WHAT IS EXPECTED:
Copy out the data below from the line containing "DRUS Hair Growth" to the line containing "Huancai Rugby Theme", both lines included, with all images left out.

GIVEN INFORMATION:
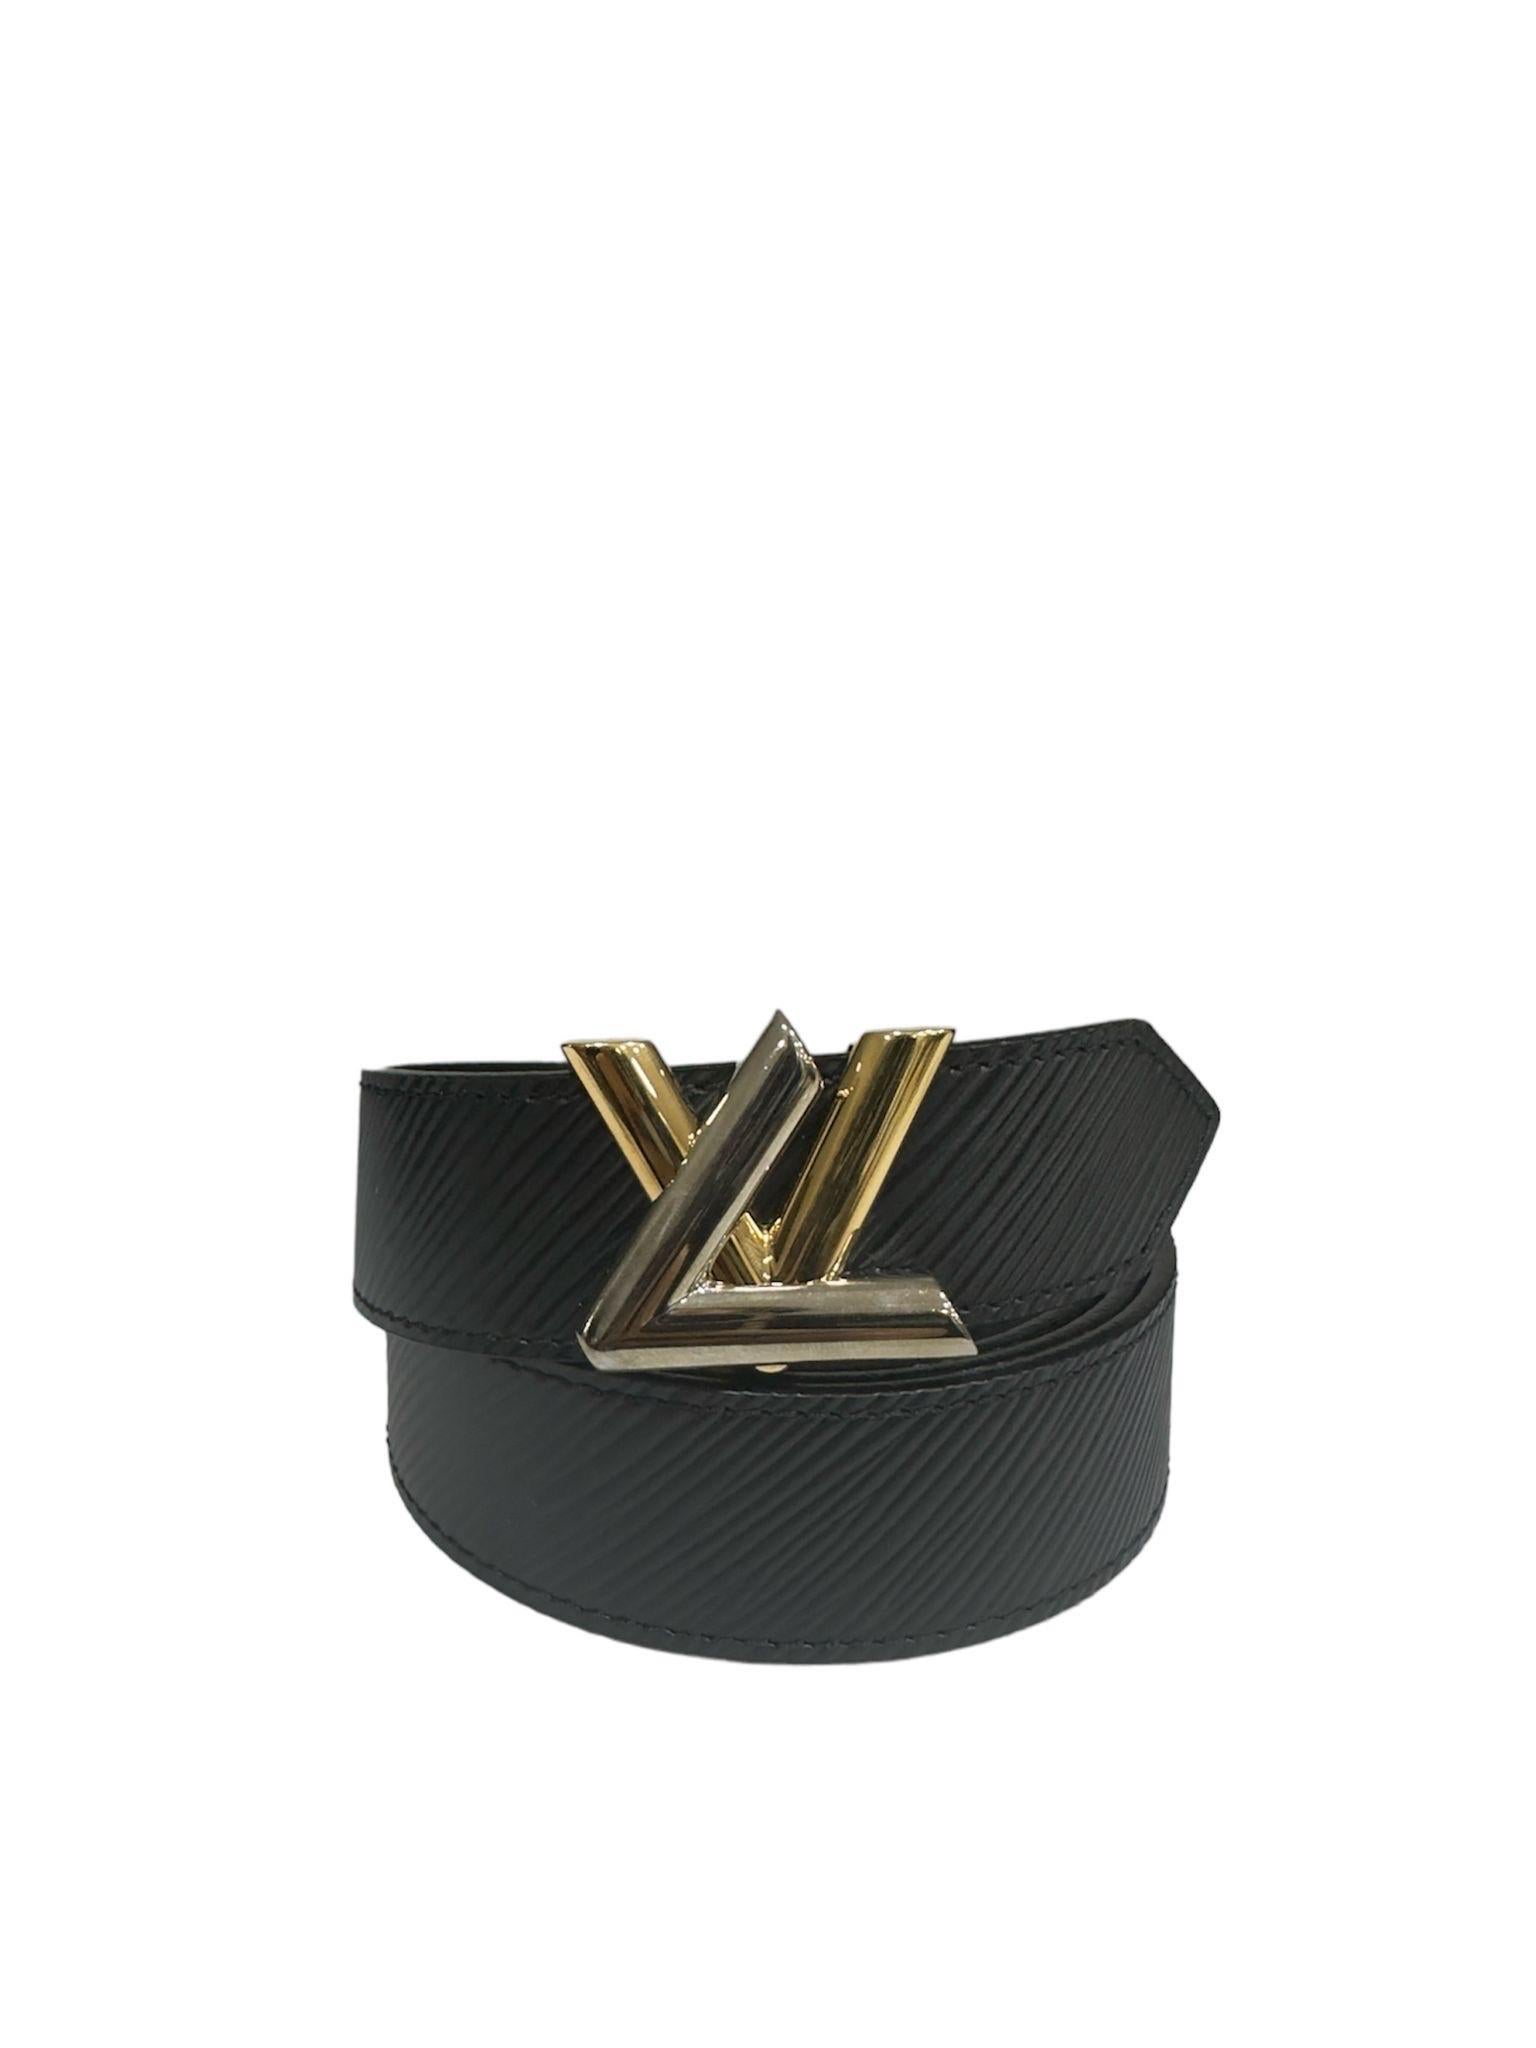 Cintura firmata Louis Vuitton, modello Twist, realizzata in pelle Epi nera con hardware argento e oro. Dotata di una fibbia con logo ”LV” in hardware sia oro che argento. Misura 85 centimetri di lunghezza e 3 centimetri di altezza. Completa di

--

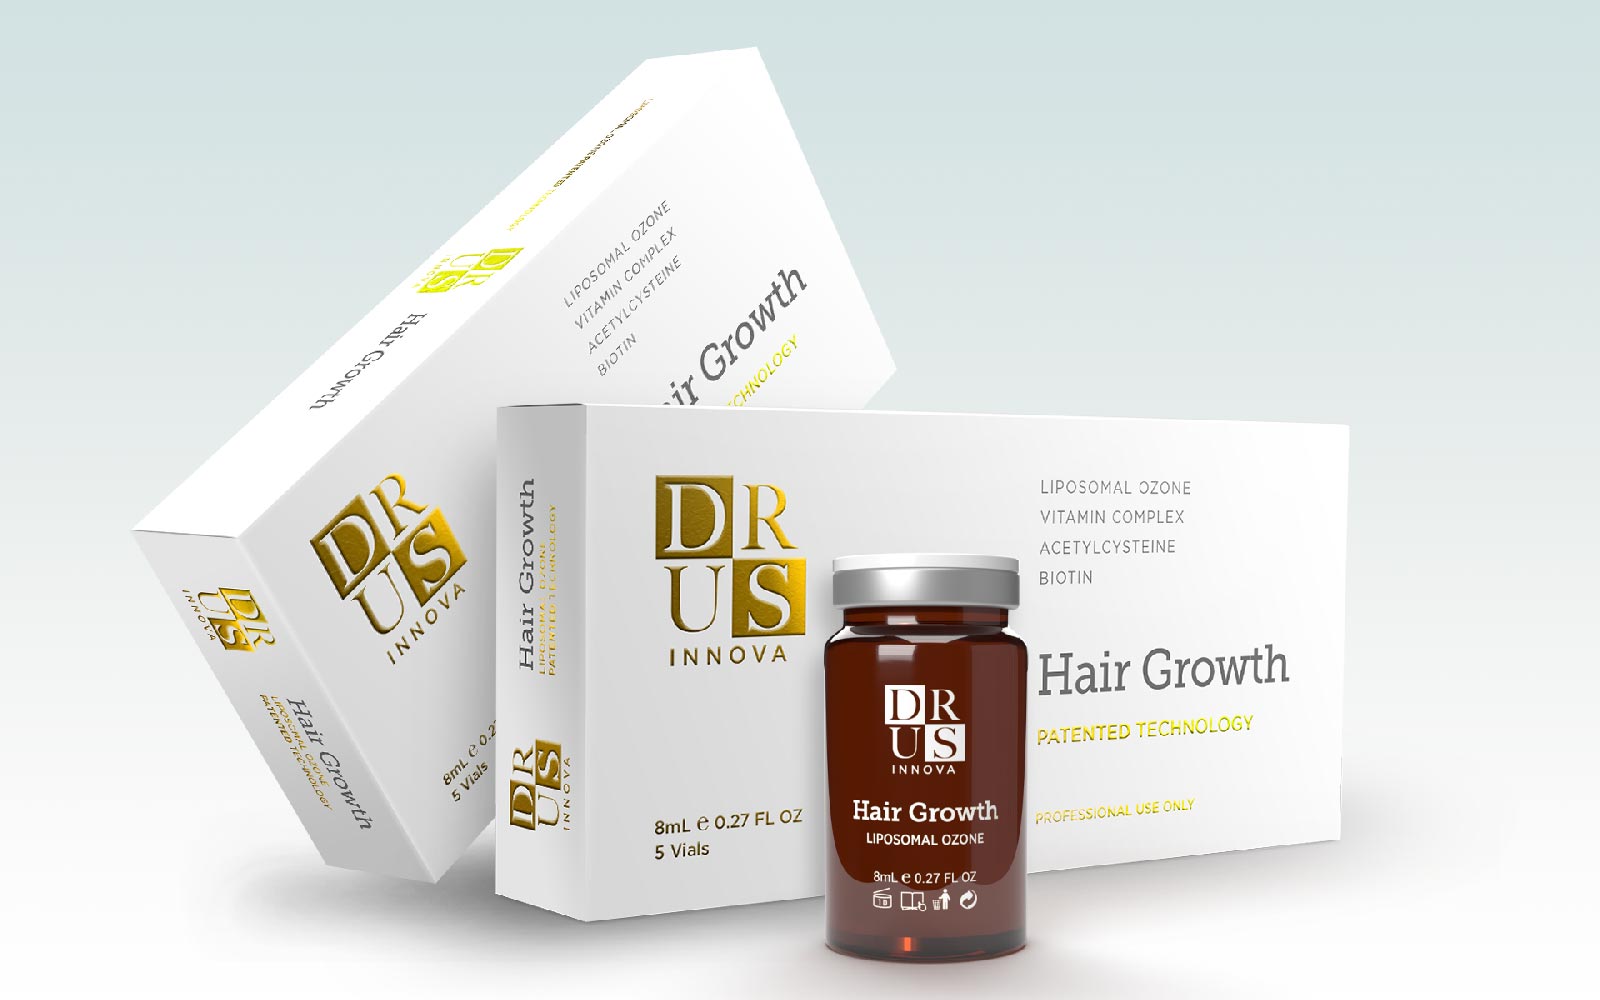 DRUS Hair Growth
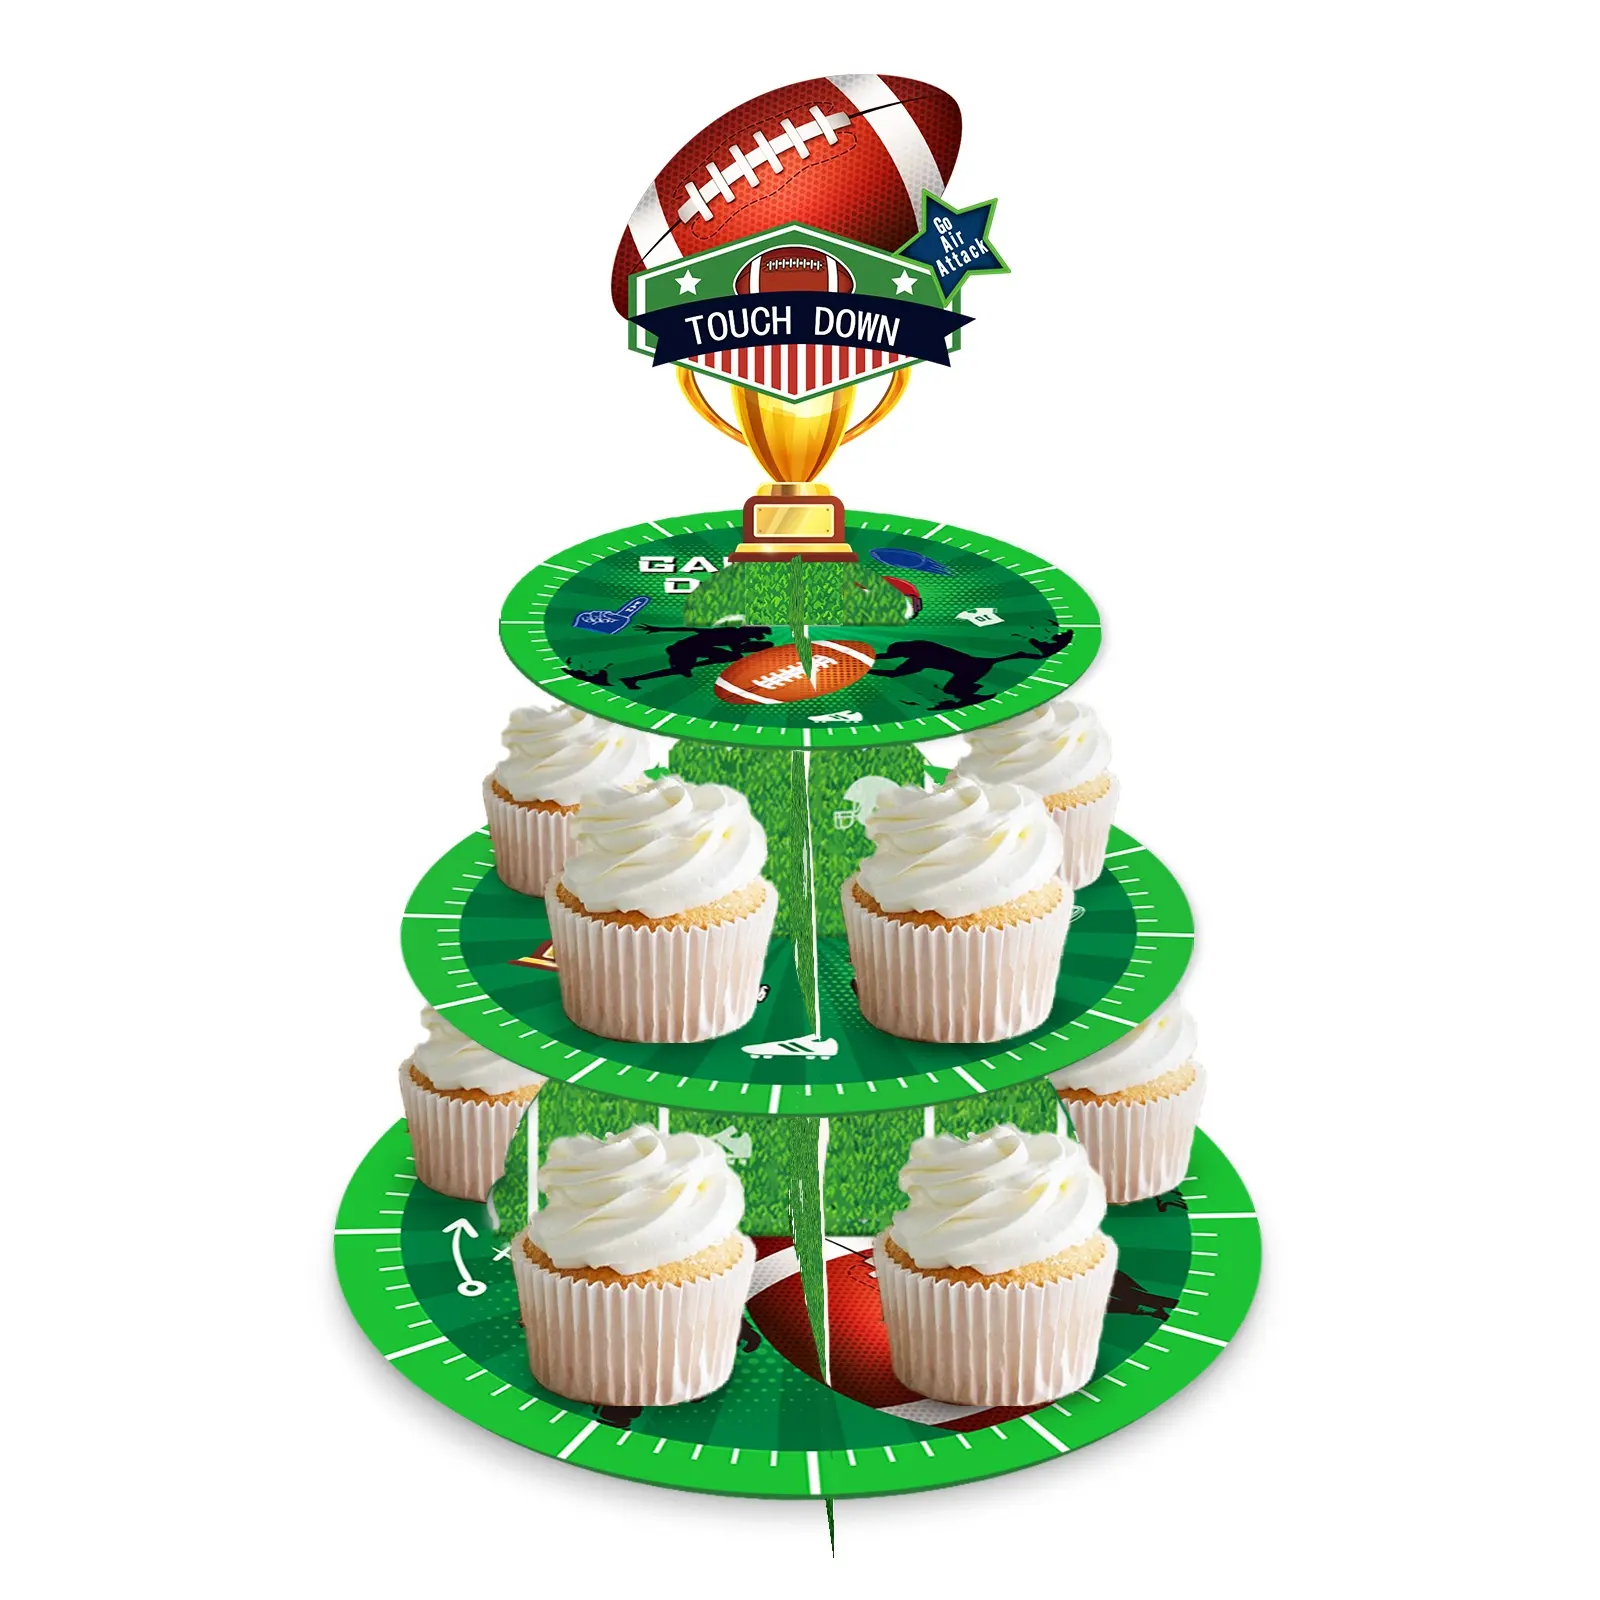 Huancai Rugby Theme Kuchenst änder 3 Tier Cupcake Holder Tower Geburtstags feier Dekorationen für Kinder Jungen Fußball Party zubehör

REPLY TO THE TASK:
 DRUS Hair Growth
 Huancai Rugby Theme Kuchenst änder 3 Tier Cupcake Holder Tower Geburtstags feier Dekorationen für Kinder Jungen Fußball Party zubehör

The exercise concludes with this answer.